Task brief: Transcribe every line below exactly; no image goes into the output.

Dataset content:
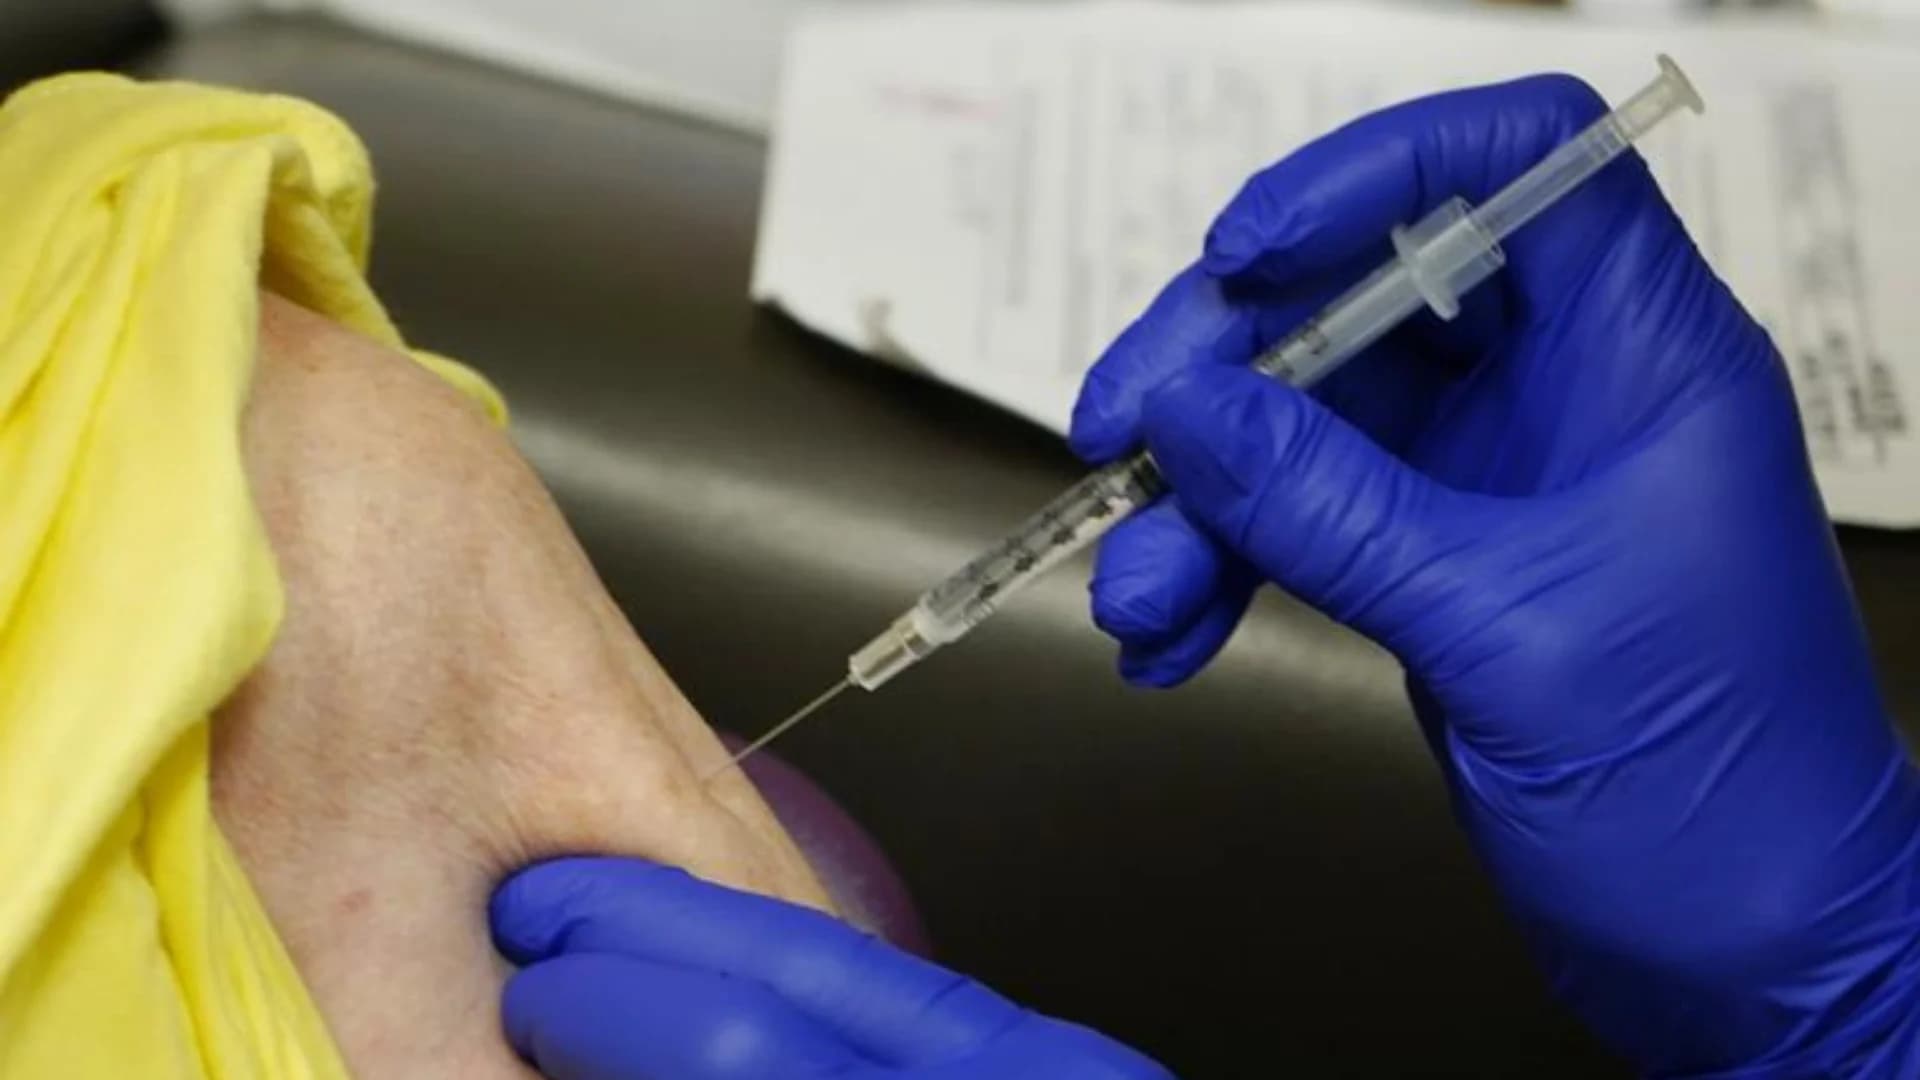 Infections persist as vaccinations lag at some nursing homes
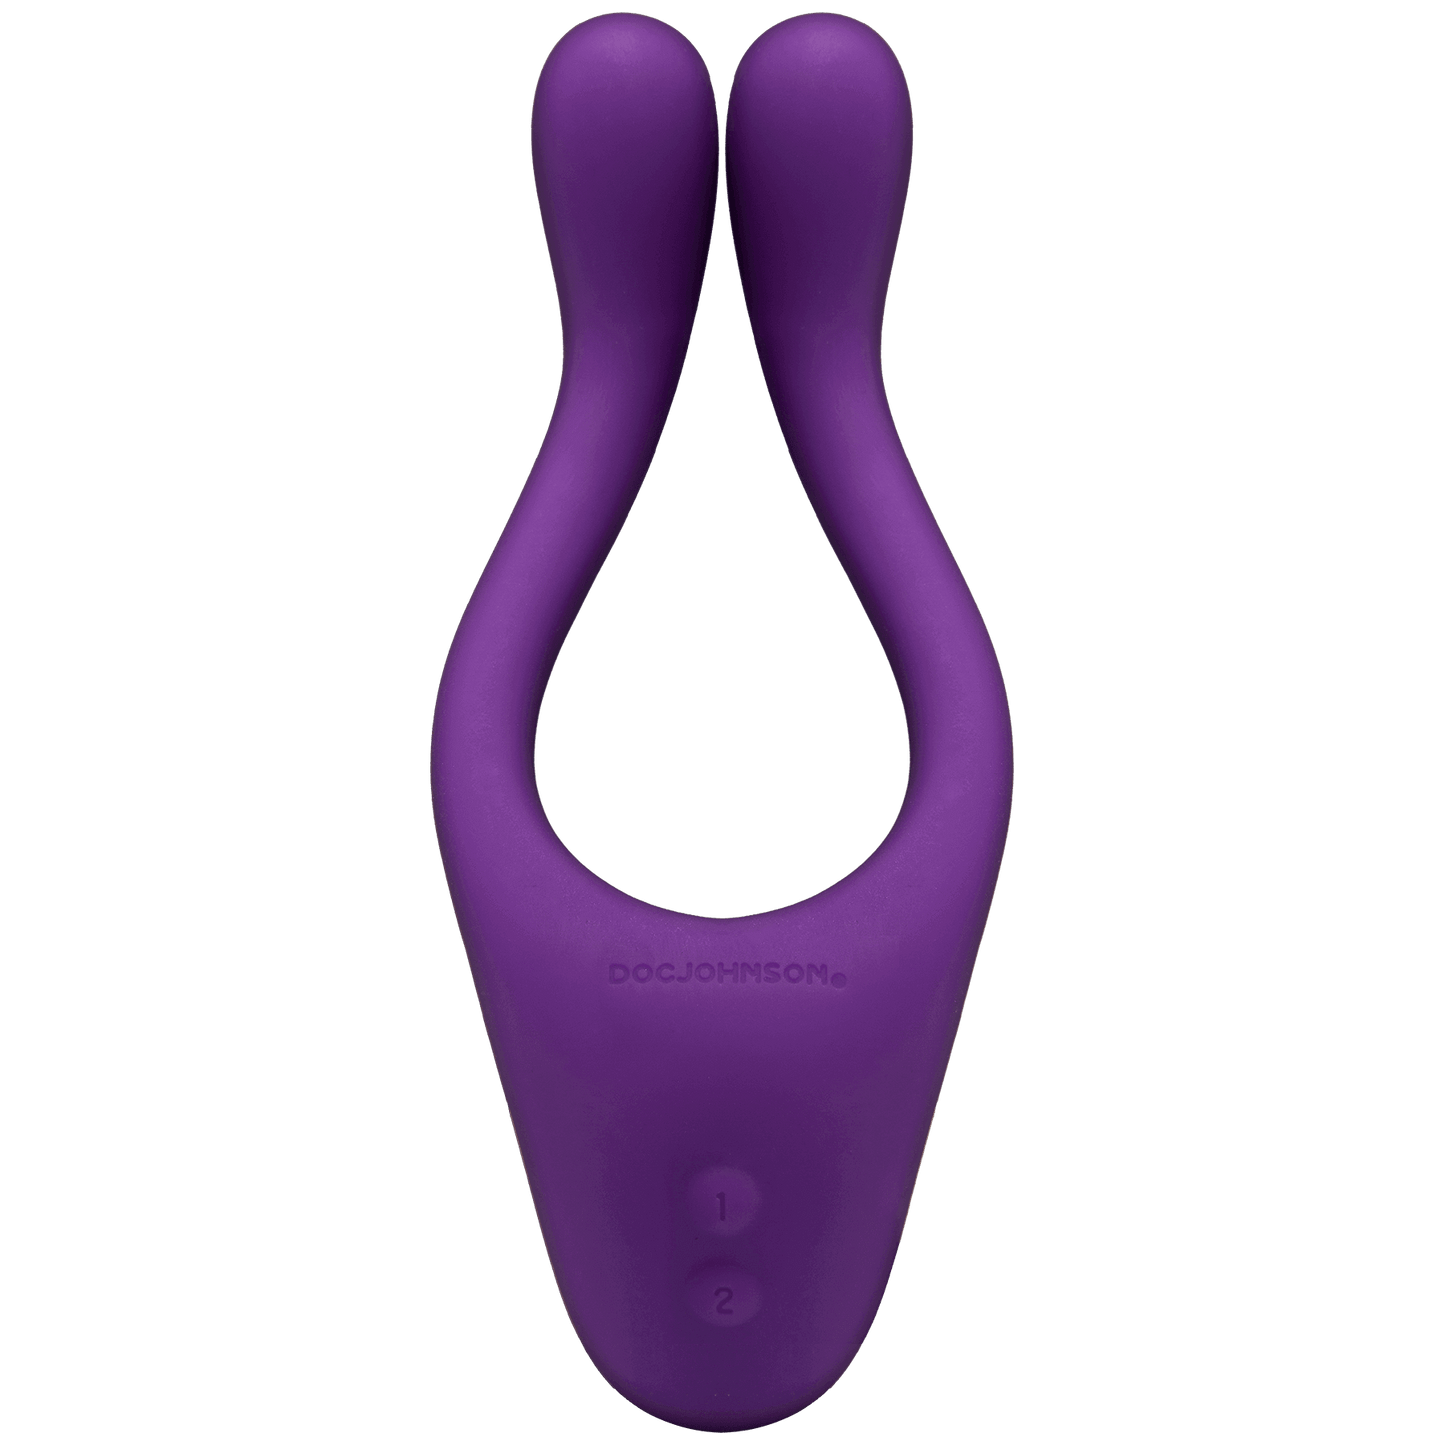 Tryst Multi Erogenous Zone Massager in purple  - Doc Johnson - by The Bigger O - an online sex toy shop. We ship to USA, Canada and the UK.
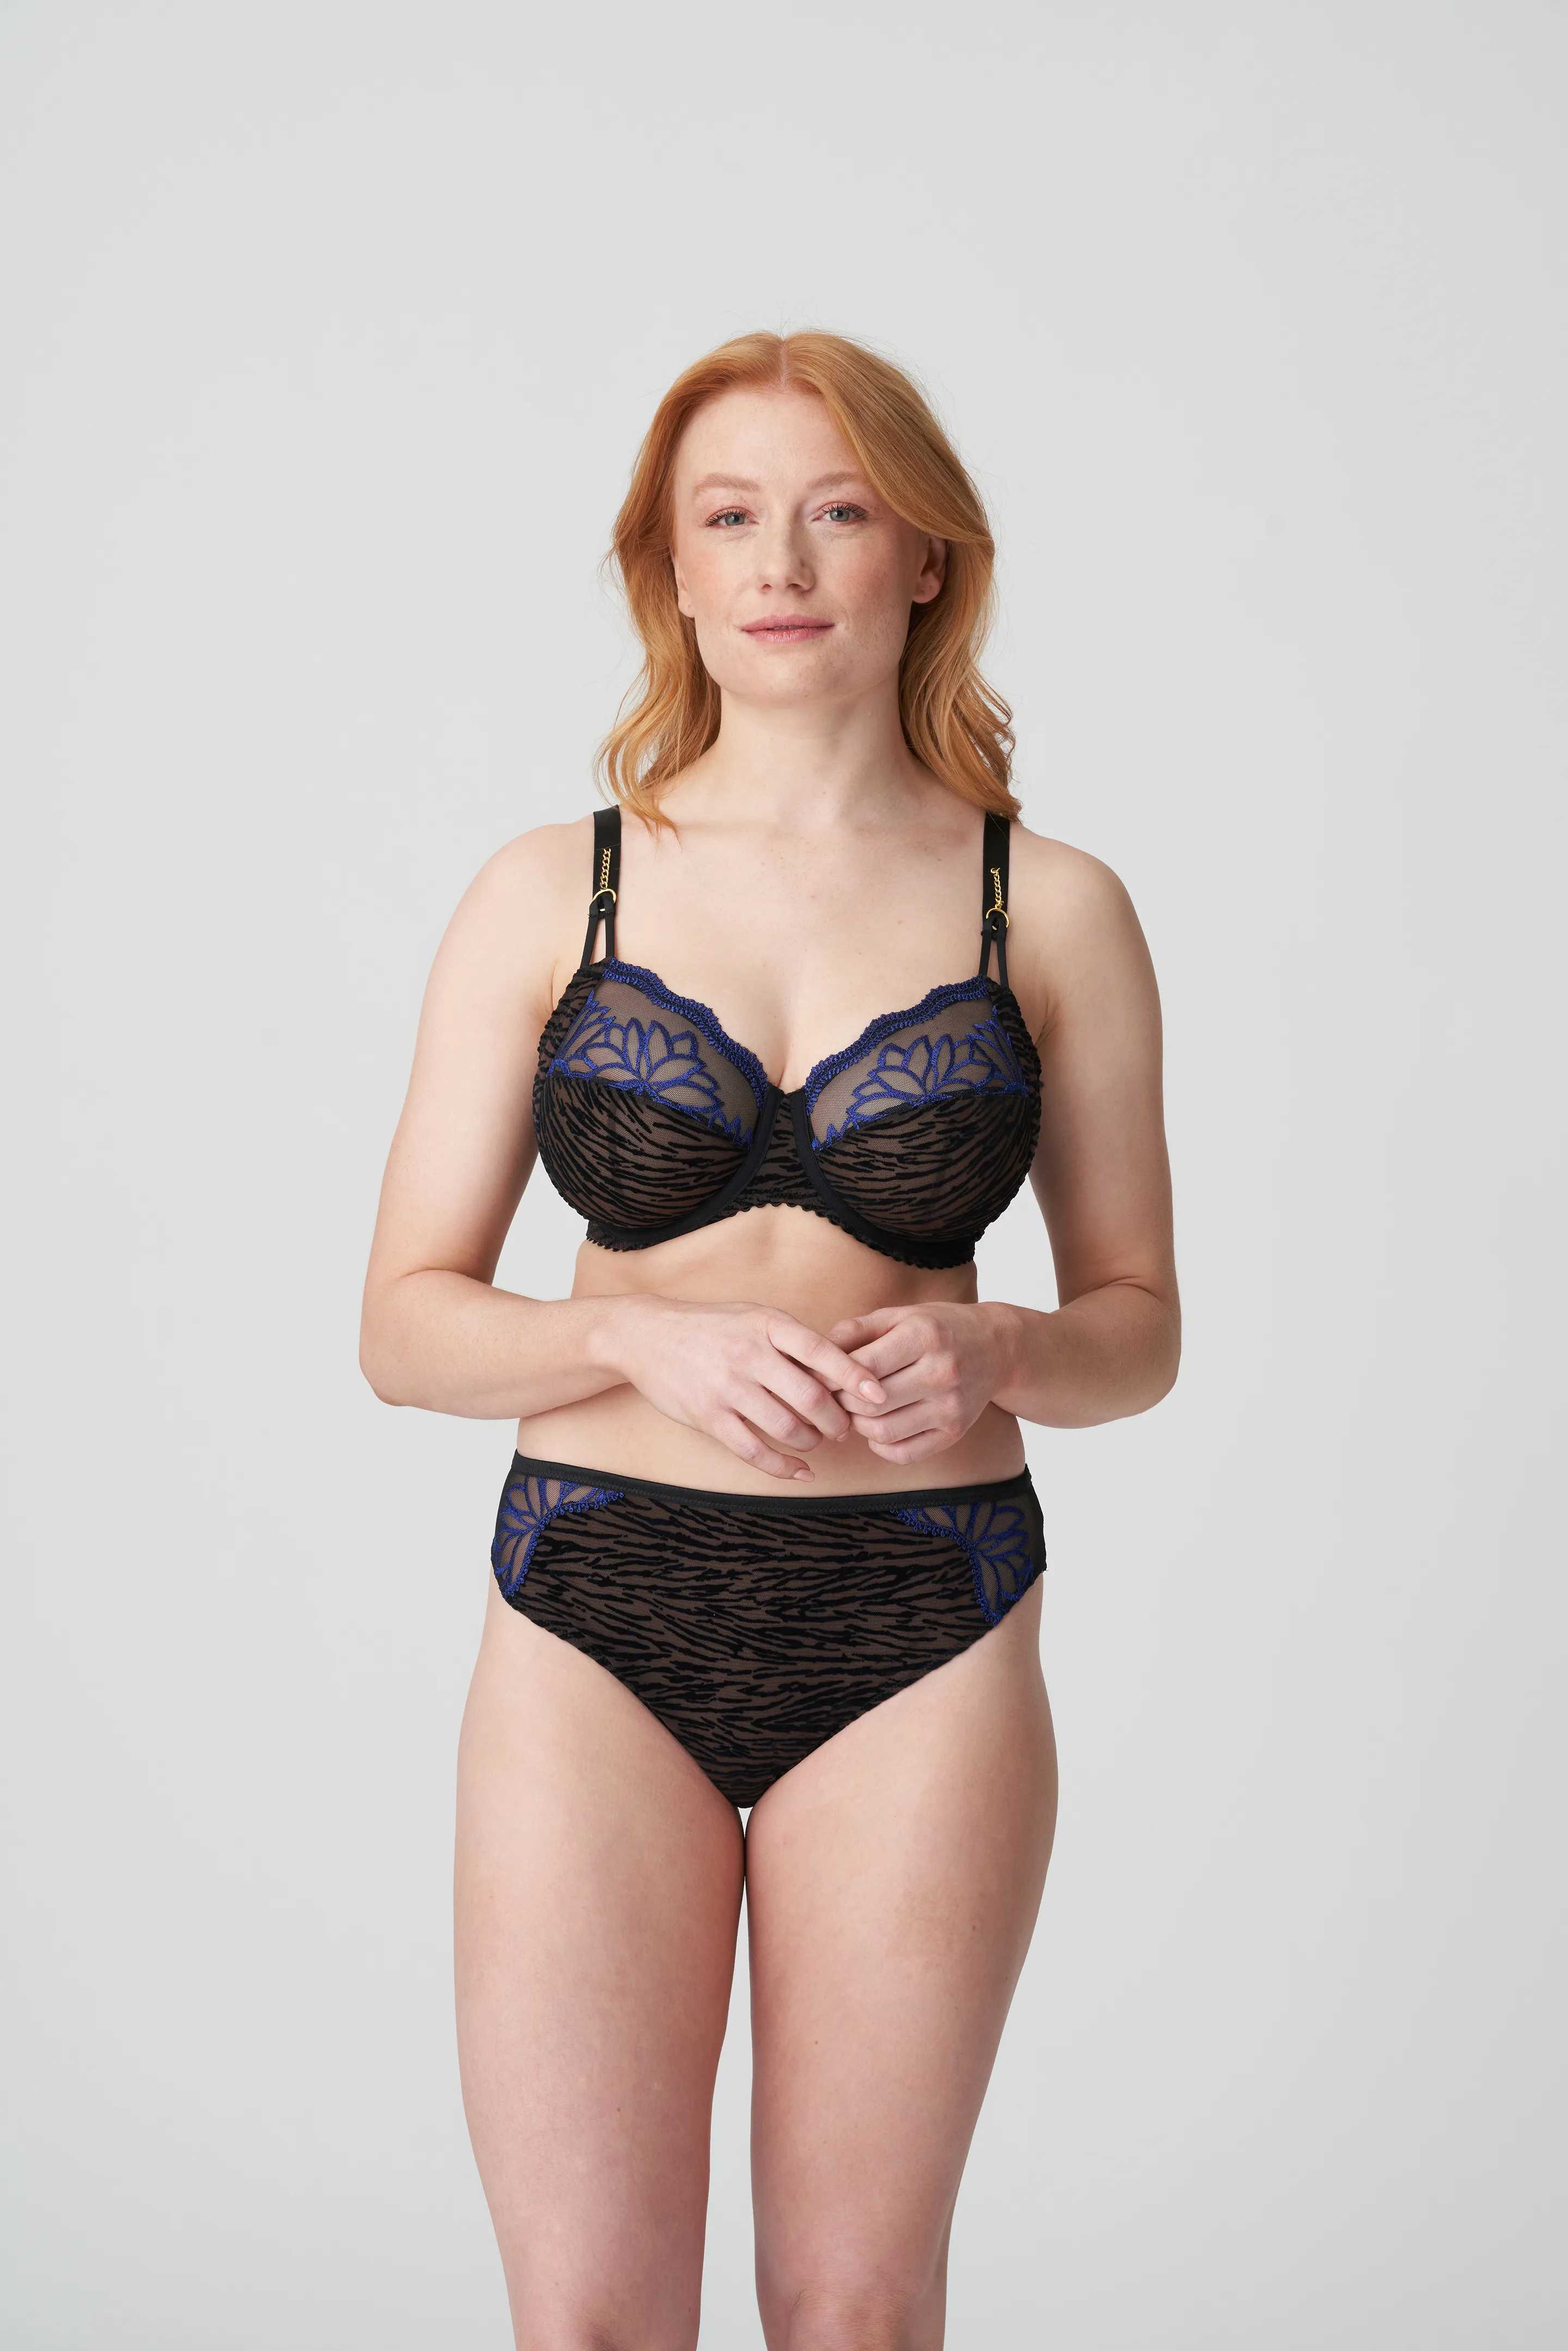 Big Cup Embroidered Non-wired Bra Plus Size Full Coverage

Solution:
 Infections persist as vaccinations lag at some nursing homes
 Tryst Multi Erogenous Zone Massager in purple  - Doc Johnson - by The Bigger O - an online sex toy shop. We ship to USA, Canada and the UK.
 Big Cup Embroidered Non-wired Bra Plus Size Full Coverage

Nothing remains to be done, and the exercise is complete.